Humboldt cutthroat trout

Scientific classification
- Kingdom: Animalia
- Phylum: Chordata
- Class: Actinopterygii
- Order: Salmoniformes
- Family: Salmonidae
- Genus: Oncorhynchus
- Species: O. henshawi
- Subspecies: O. h. humboldtensis
- Trinomial name: Oncorhynchus henshawi humboldtensis Trotter and Behnke, 2008

= Humboldt cutthroat trout =

Subspecies of fish

The Humboldt cutthroat trout, Oncorhynchus henshawi humboldtensis, (formerly, Oncorhynchus clarkii humboldtensis) is a subspecies of Lahontan cutthroat trout, a North American fish in the family Salmonidae. It is one of the several subspecies of cutthroat trout. It was formally scientifically named in 2008 by Trotter and Behnke, who stated its distribution is in the basins of the upper Humboldt River of northern Nevada, the Upper Quinn River (Nevada and Oregon), as well as the Whitehorse (Coyote) basin (Oregon). The Nevada and Oregon Fish and Wildlife authorities still consider these populations belonging to the subspecies O. c. henshawi (the Lahontan cutthroat trout).
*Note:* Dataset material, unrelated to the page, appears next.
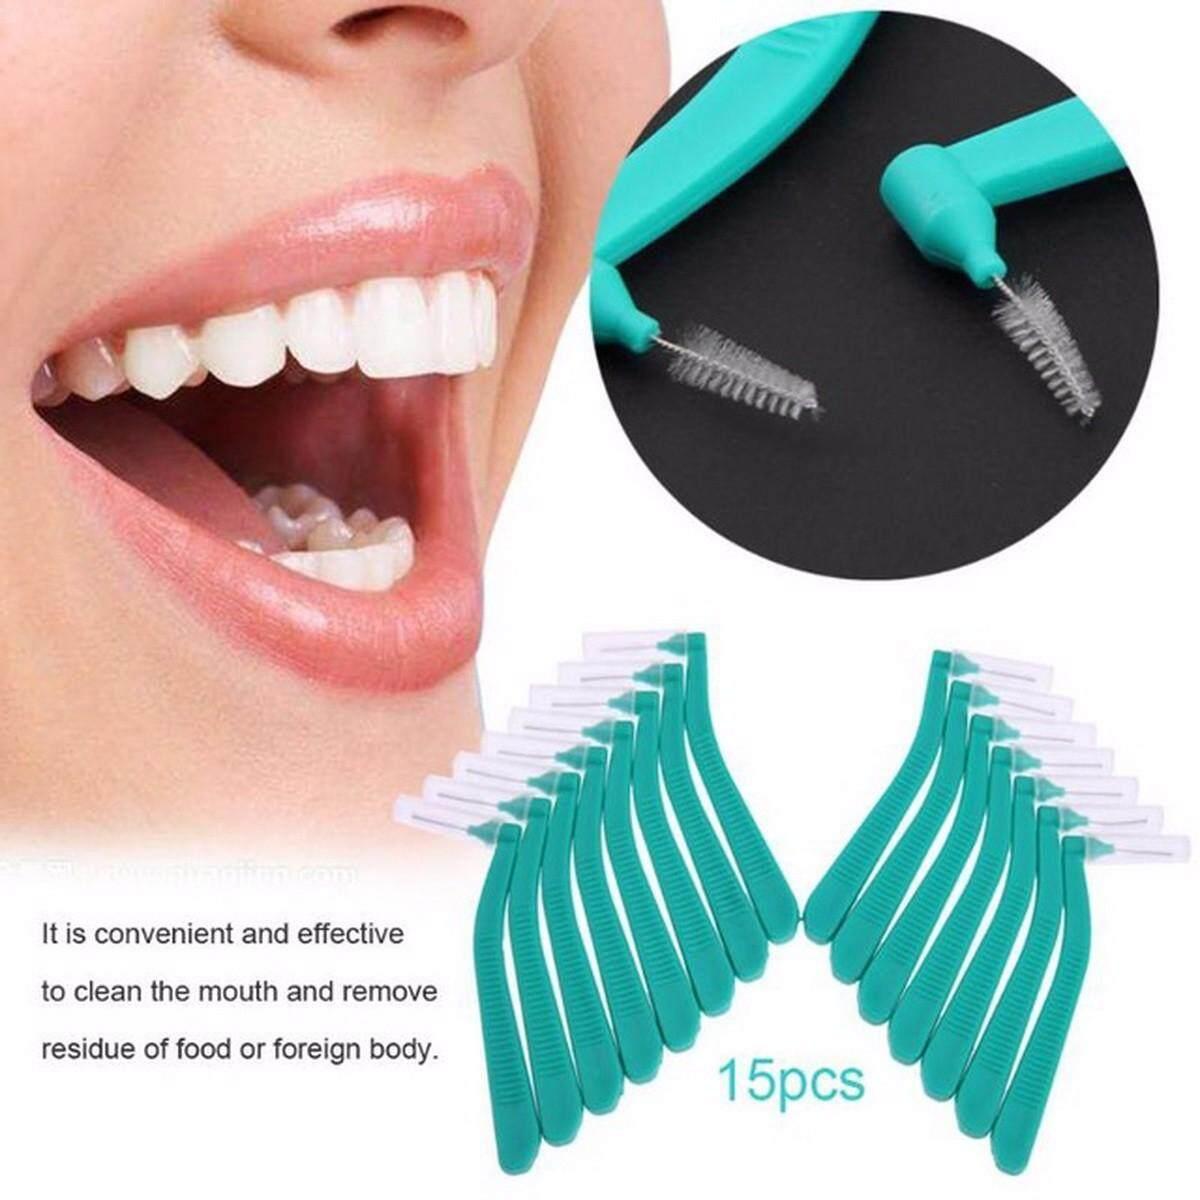 L Berbentuk Sikat Interdental Denta Benang Pembersih Interdental Ortodontik  Kawat Sikat Sikat Gigi Perawatan Lisan Tusuk a97da59d2e

In 2023 the American Fisheries Society Common and Scientific Names of Fishes from the United States, Canada, and Mexico, 8th edition reclassified all Cutthroat Trout from one species (formerly, Oncorhynchus clarkii) into four distinct species: Coastal, Lahontan, Westslope, and Rocky Mountain Cutthroat Trout. The Humboldt cutthroat trout retained their trinomial designation as a subspecies (humboldtensis), but as a subspecies of the Lahontan Cutthroat Trout (Oncorhynchus henshawi).